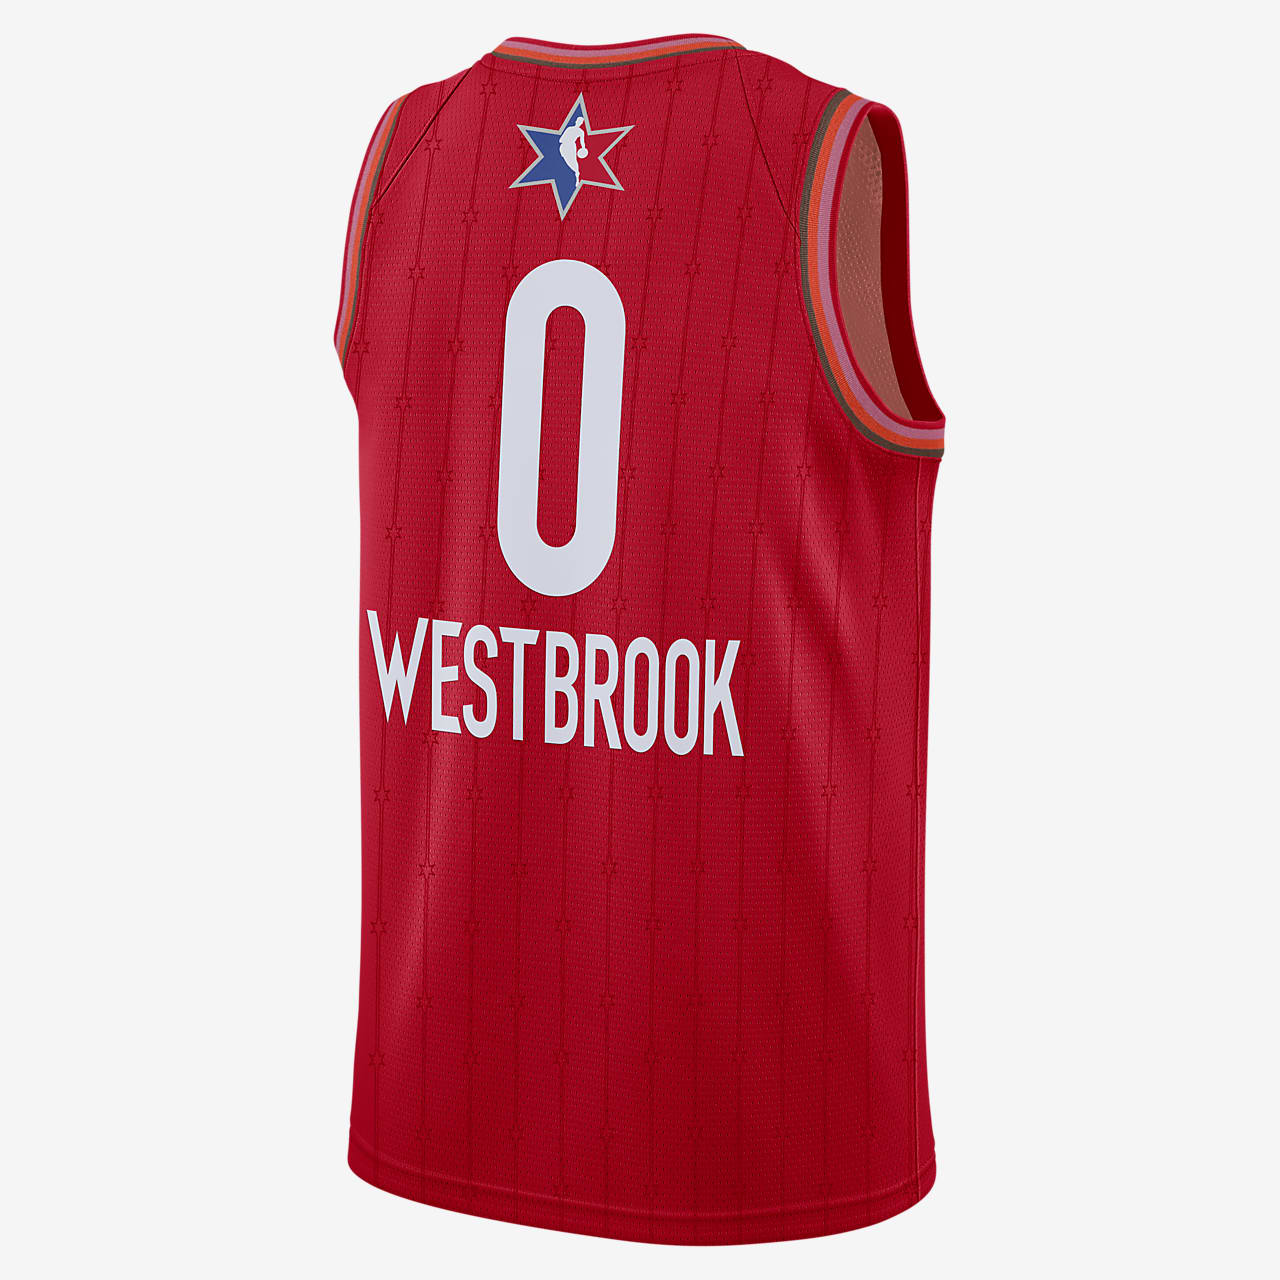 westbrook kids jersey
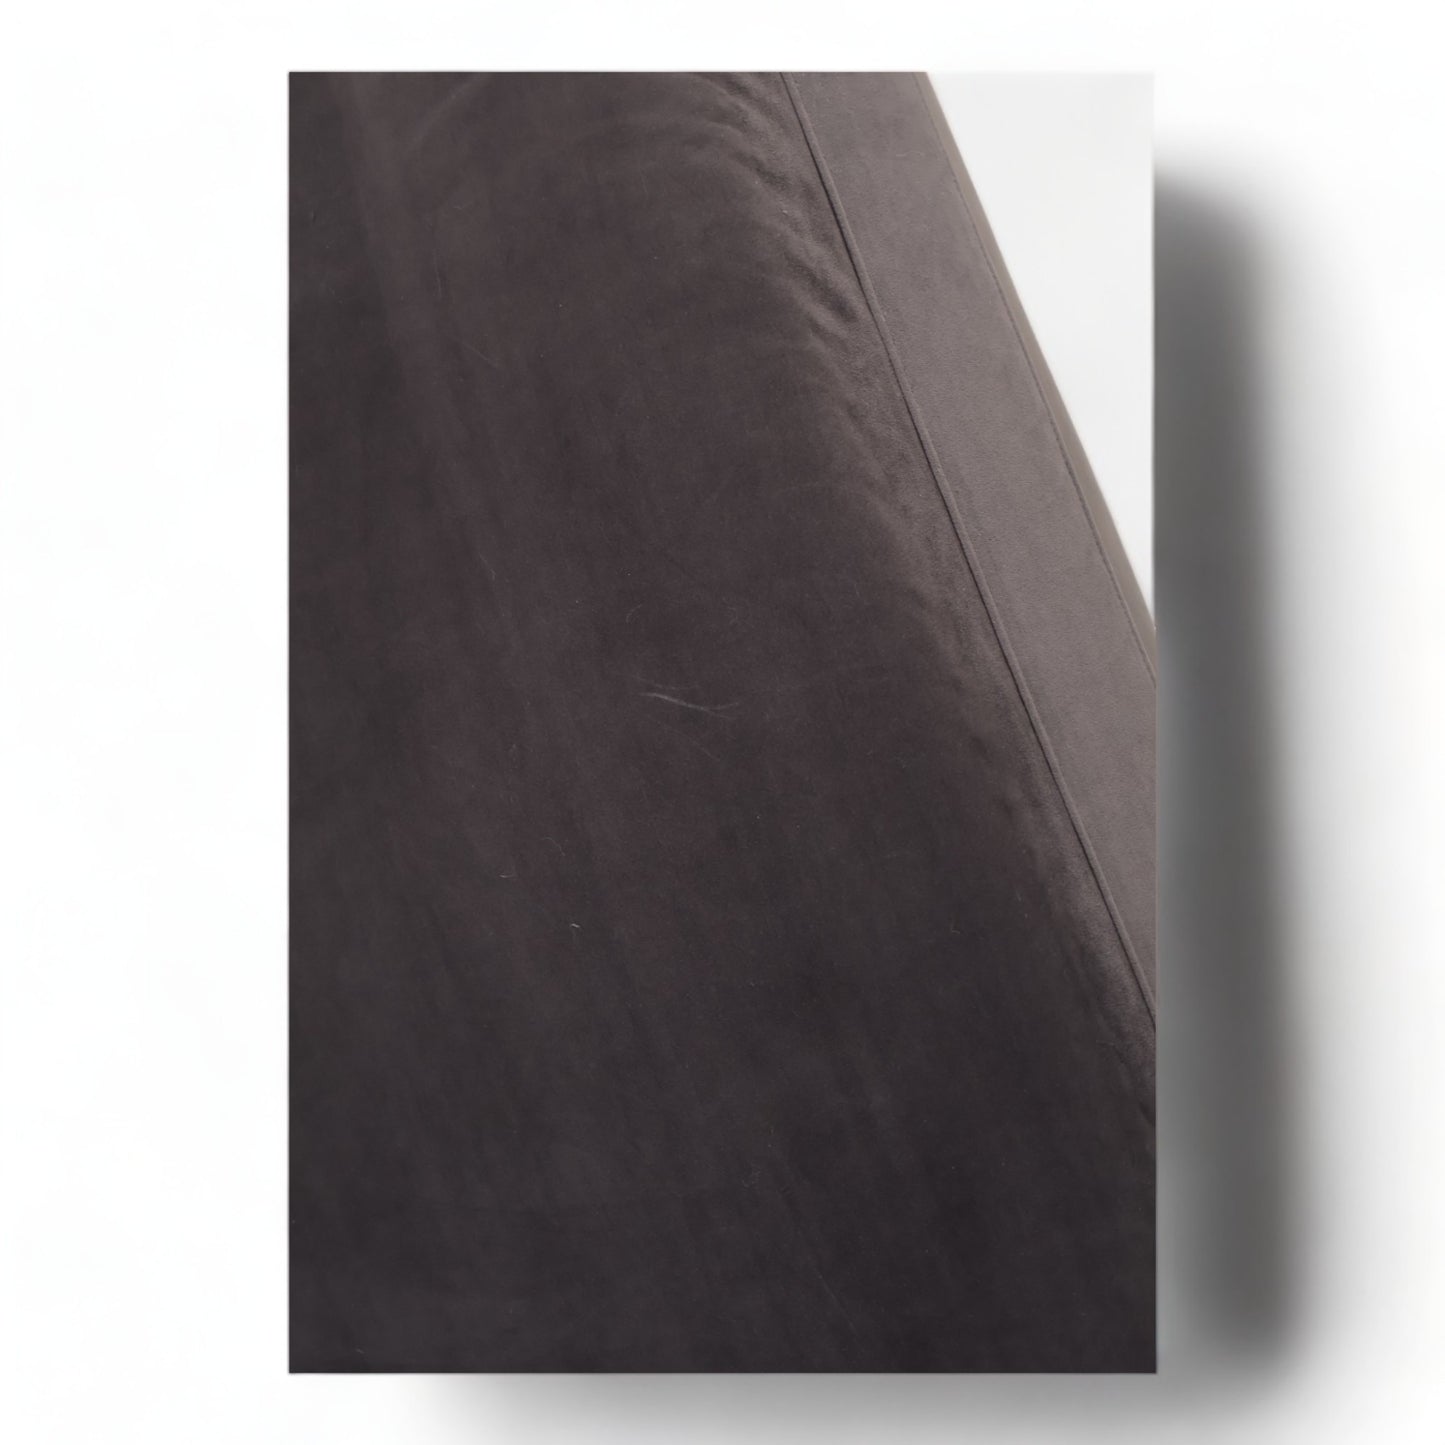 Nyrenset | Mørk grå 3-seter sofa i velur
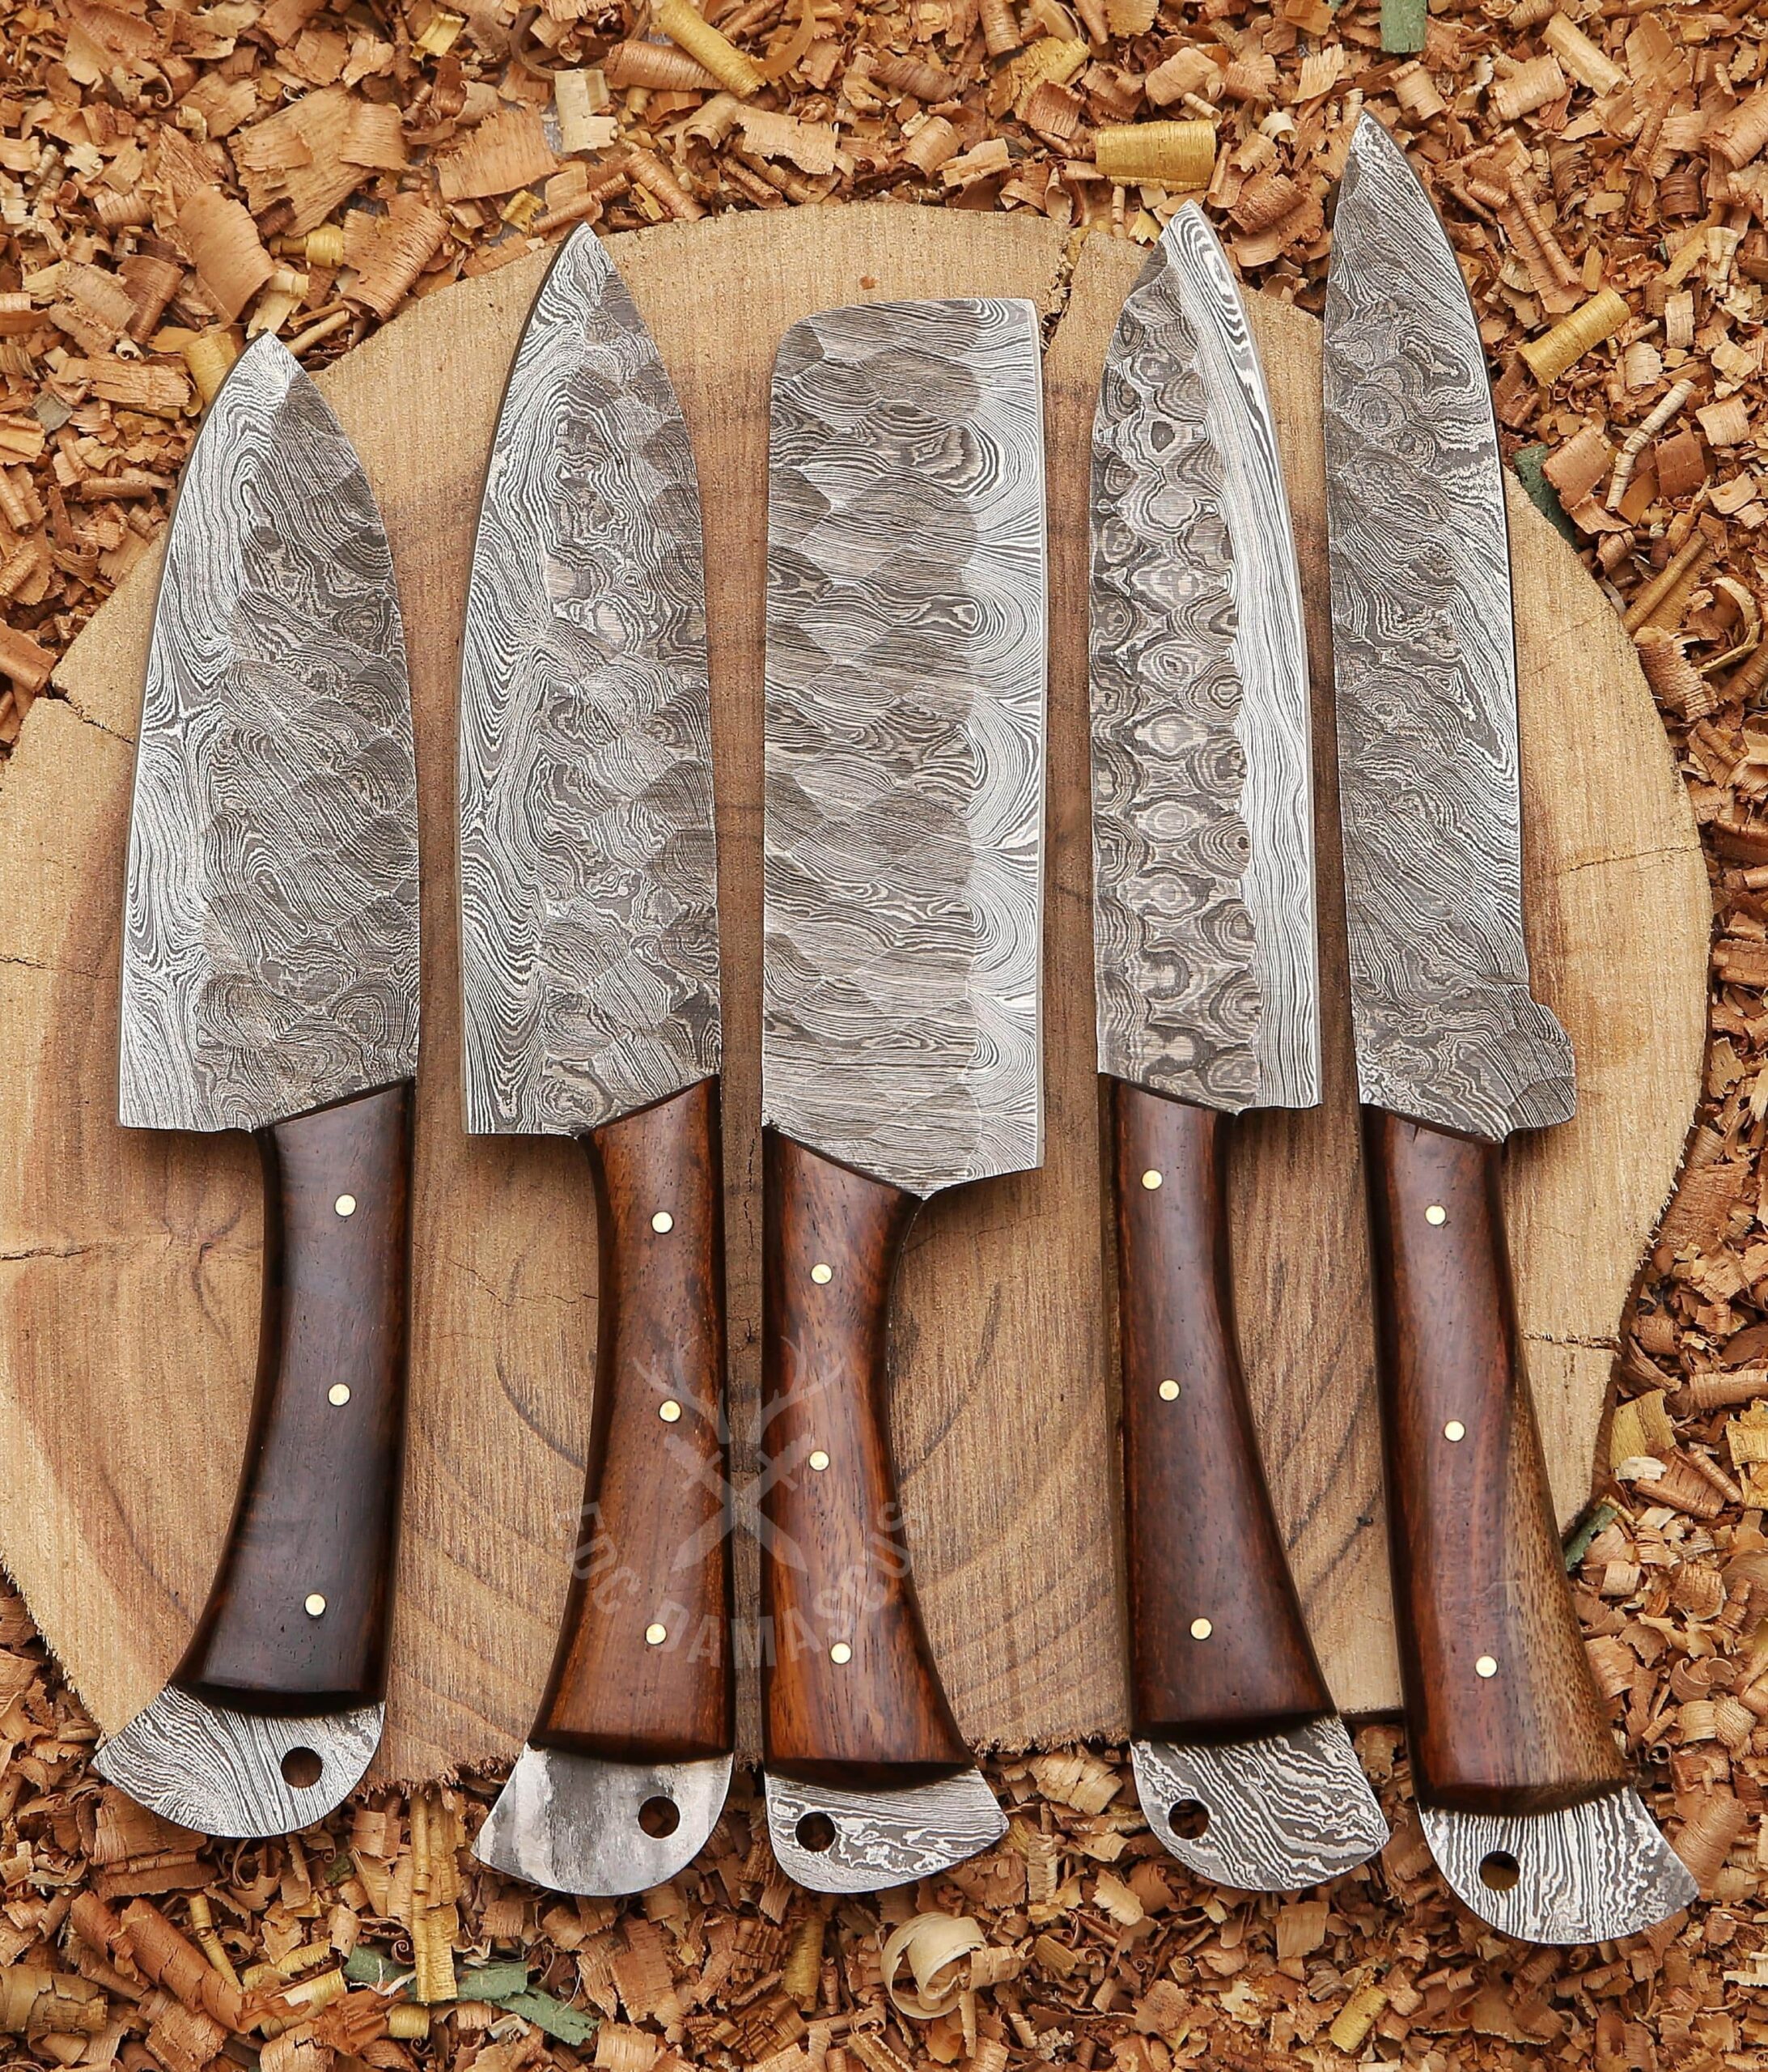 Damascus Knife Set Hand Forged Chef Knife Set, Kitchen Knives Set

== == ==

EXERCISE DETAILS:
Retype everything in the material word for word, minus pictures.

RESPONSE FOR THIS EXERCISE:
 westbrook kids jersey
 Nyrenset | Mørk grå 3-seter sofa i velur
 Damascus Knife Set Hand Forged Chef Knife Set, Kitchen Knives Set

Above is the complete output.